Work instructions = Quote all of the data that follows exactly as written, skipping the images.

Recorded data =

=-=-=-=-=

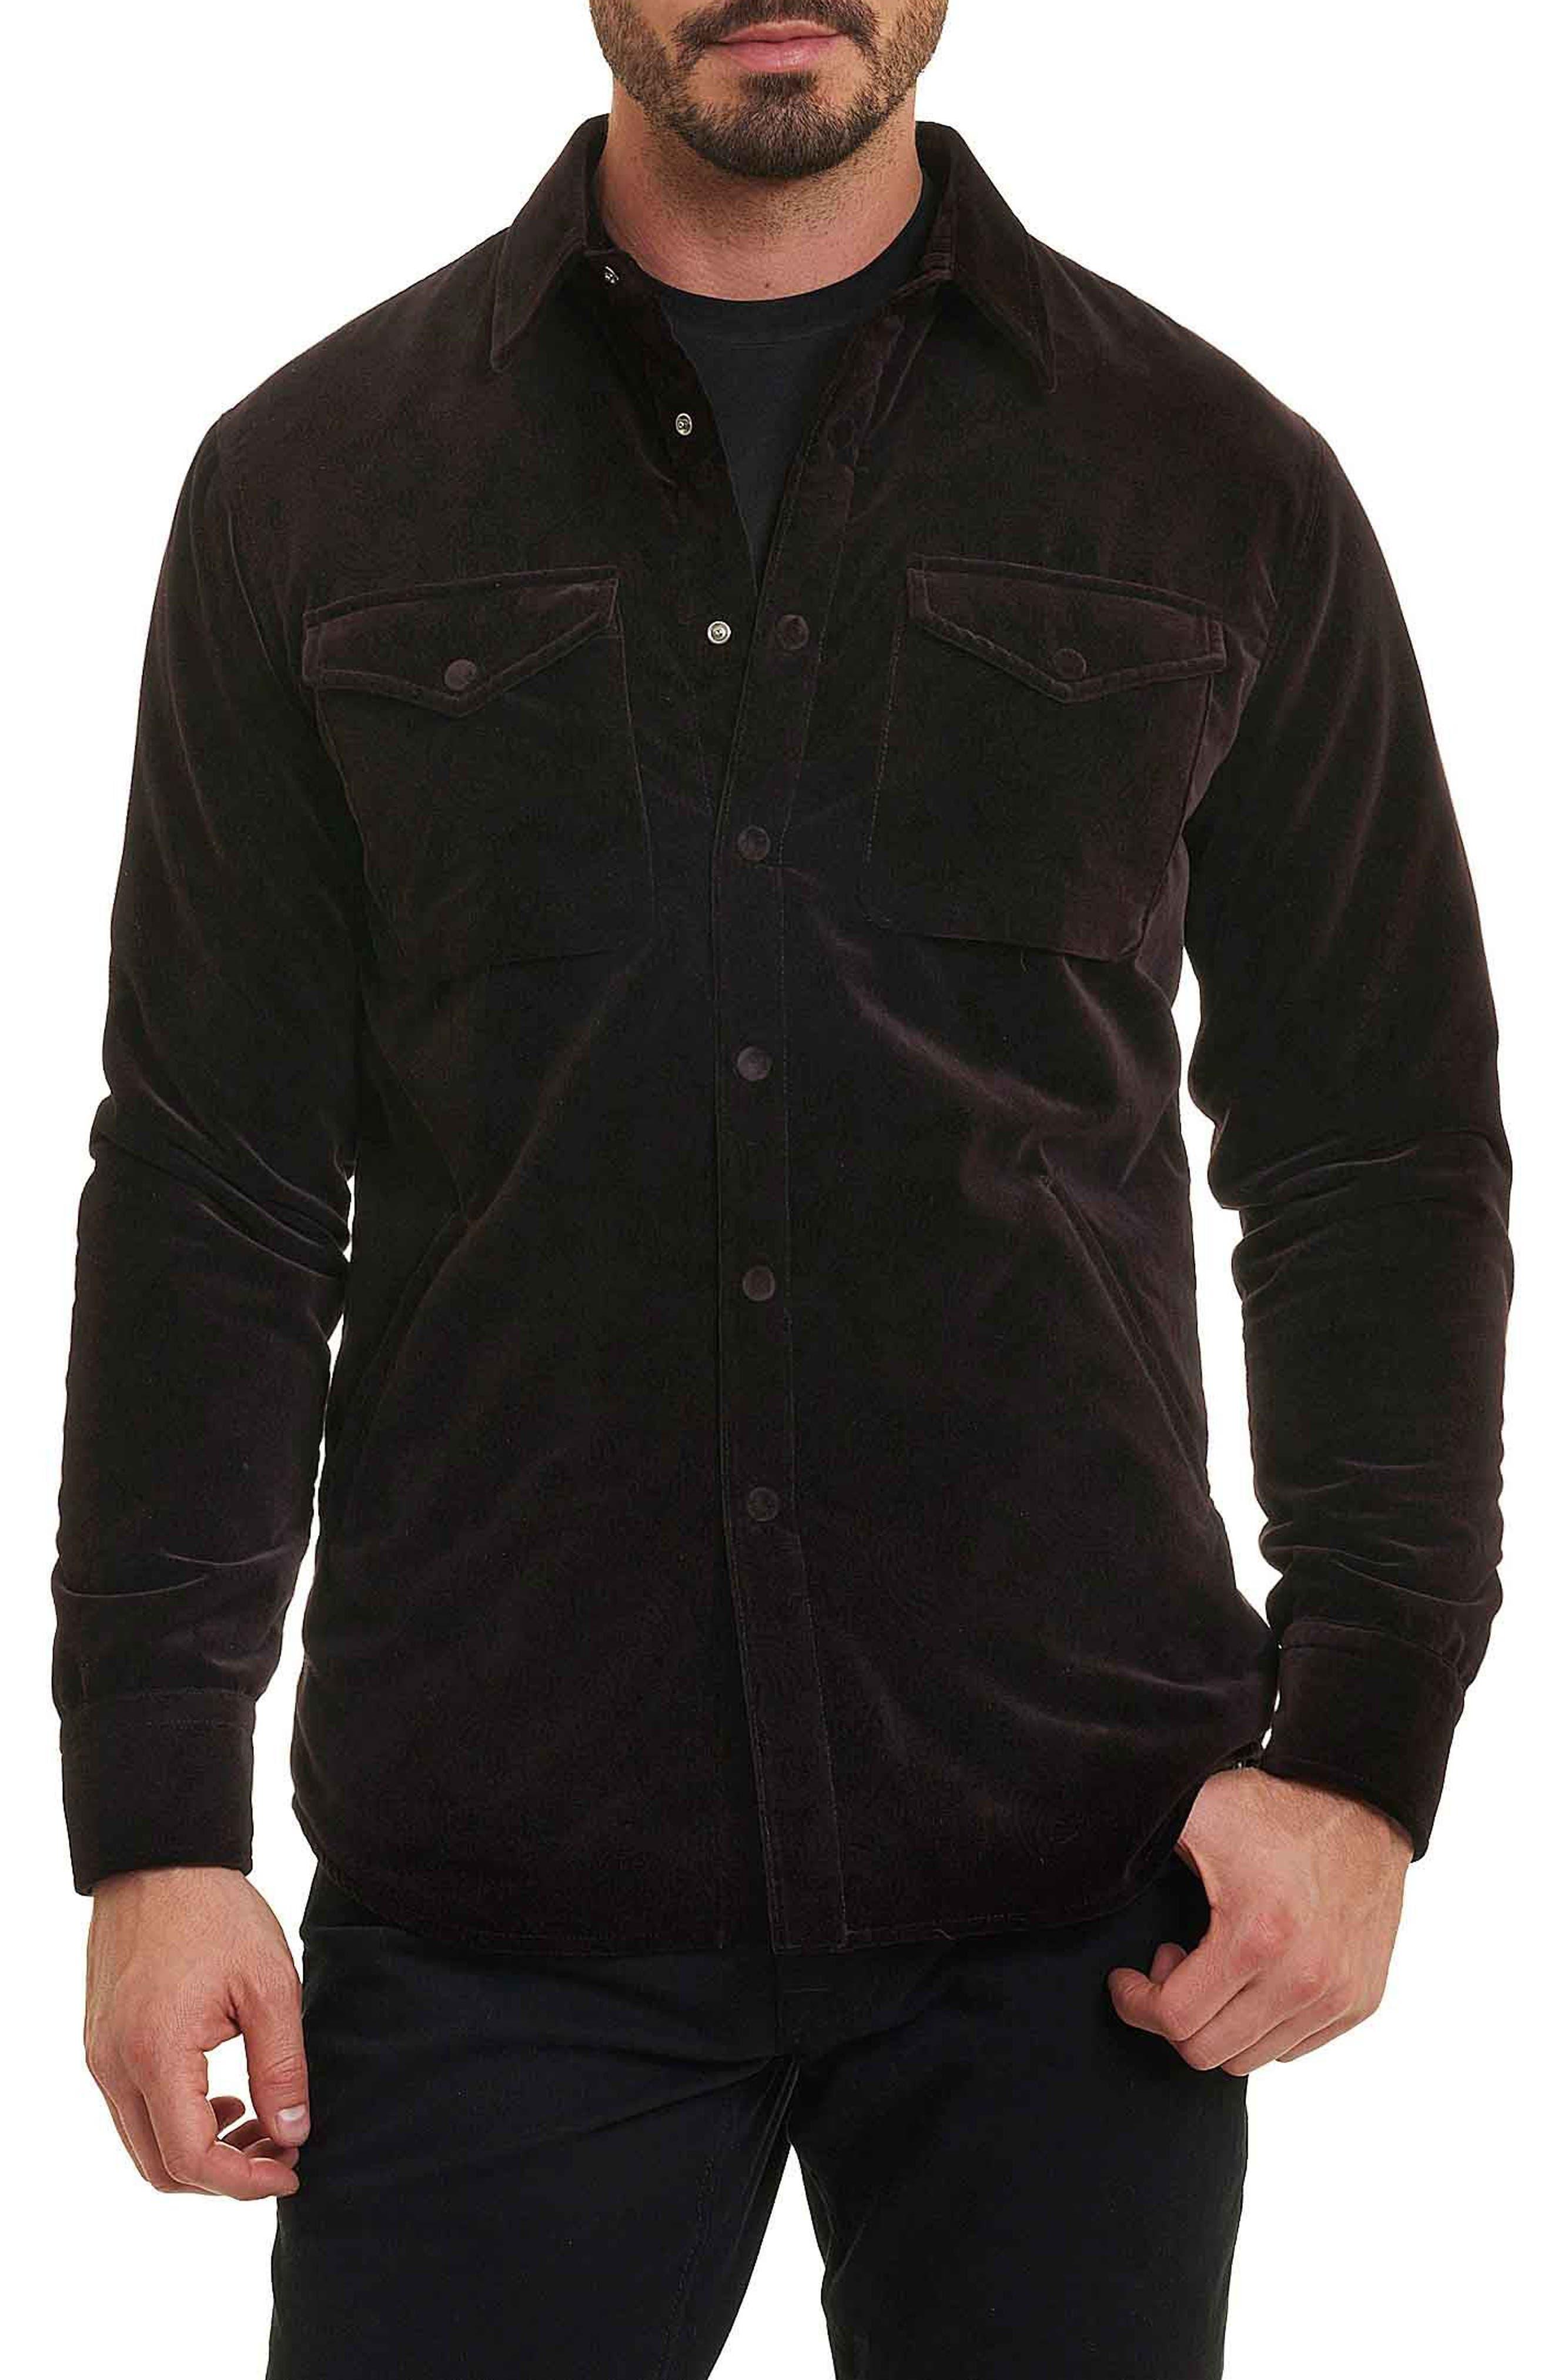 Carnaby Slim Fit Shirt Jacket,                             Main thumbnail 1, color,                             EGGPLANT
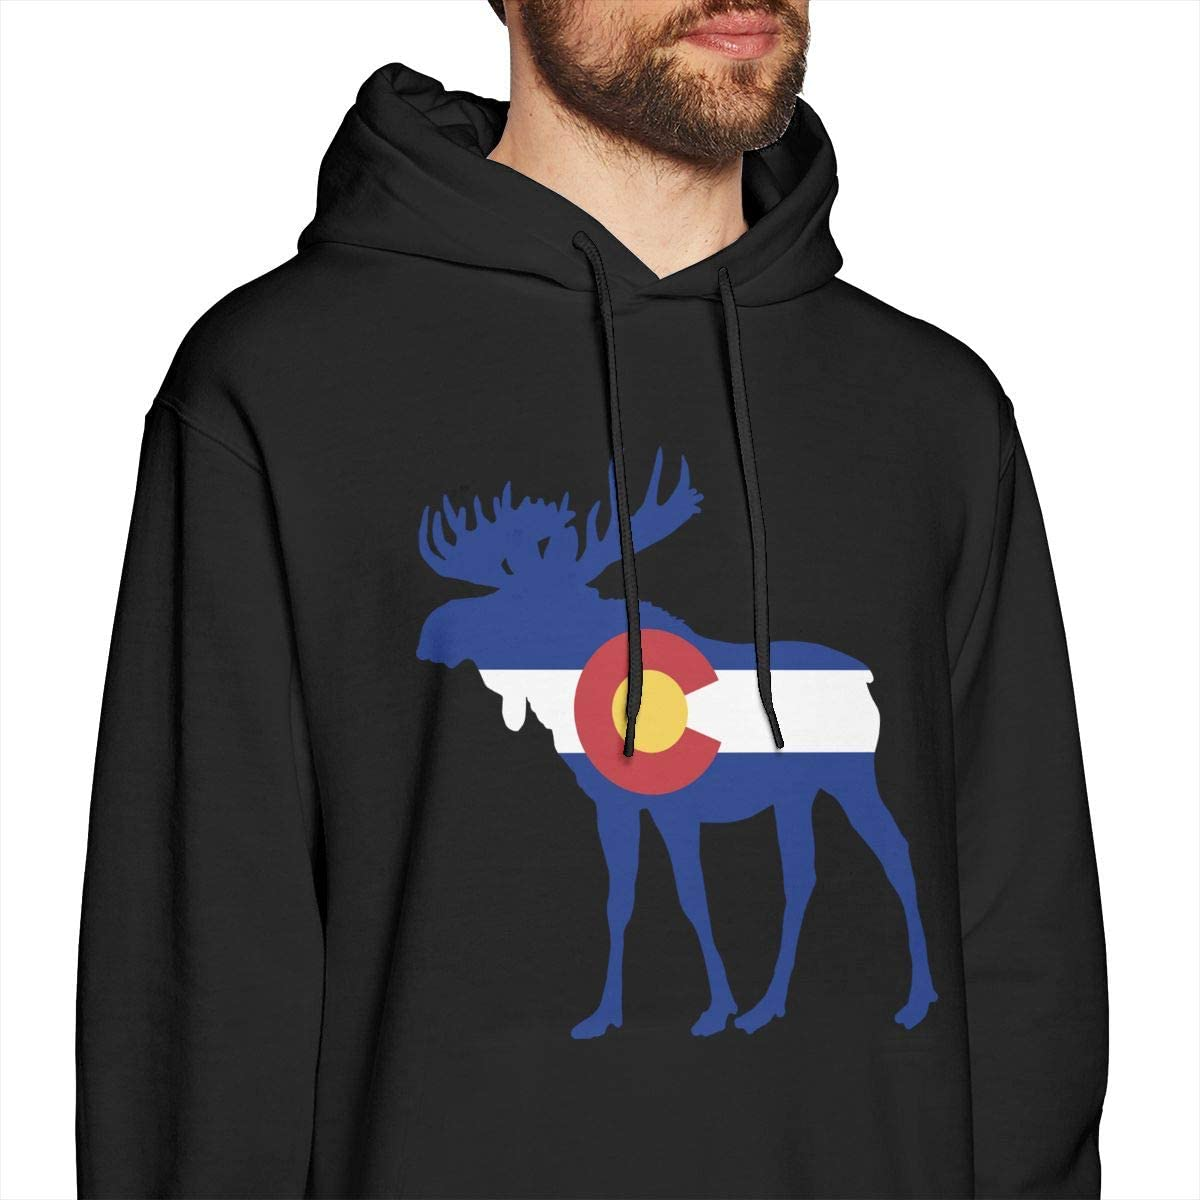 Mens Hoodies Colorado Flag Moose Funny Pullover Hooded Print Sweatshirt Jackets
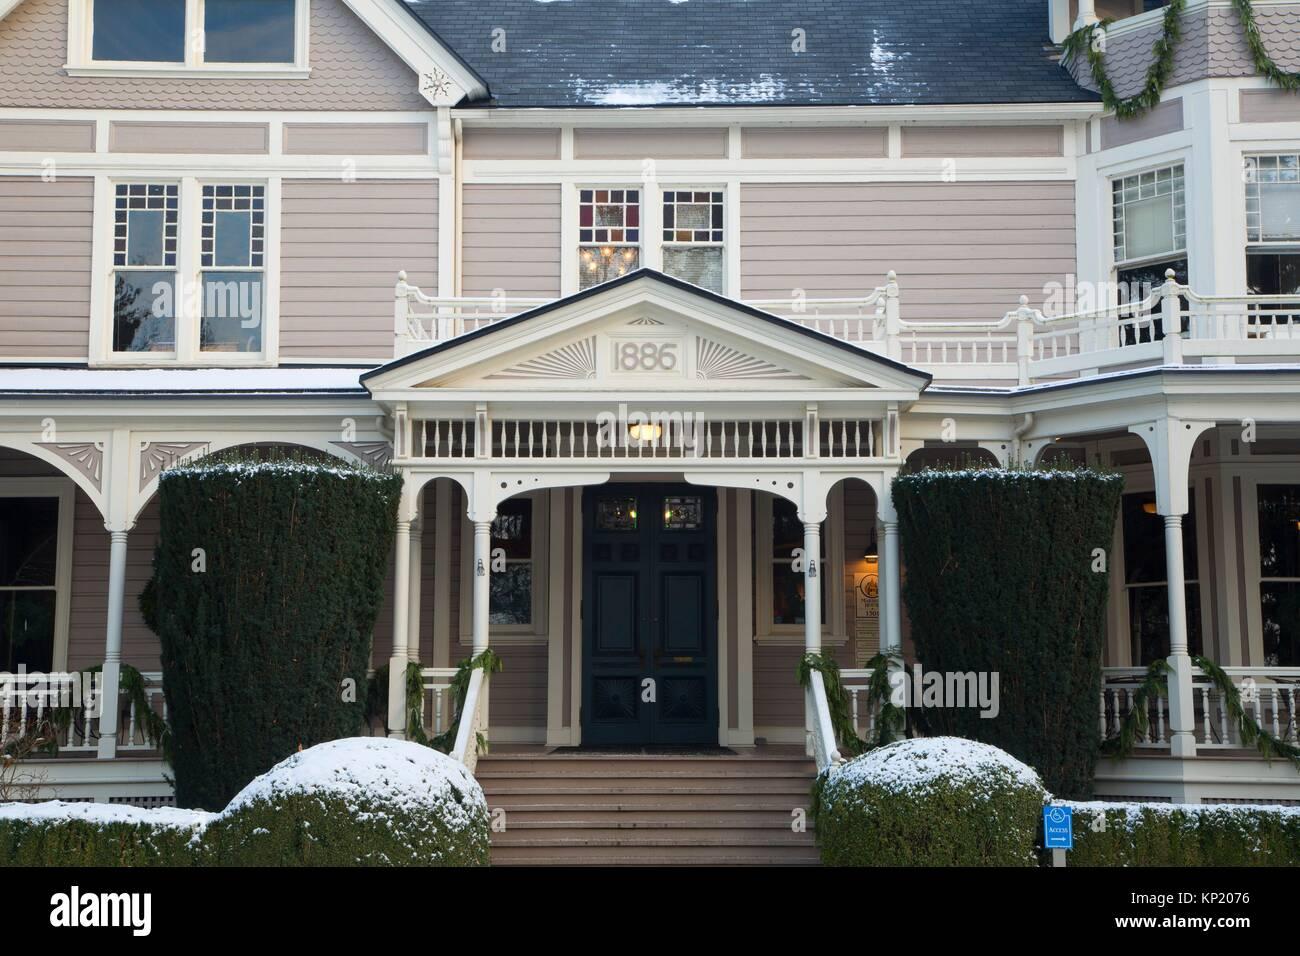 Marshall House, Fort Vancouver National Historic Site, Vancouver National Historic Reserve, Washington. - Stock Image

=-=-=-=-=

Response to the task =
 Carnaby Slim Fit Shirt Jacket,                             Main thumbnail 1, color,                             EGGPLANT
 Mens Hoodies Colorado Flag Moose Funny Pullover Hooded Print Sweatshirt Jackets
 Marshall House, Fort Vancouver National Historic Site, Vancouver National Historic Reserve, Washington. - Stock Image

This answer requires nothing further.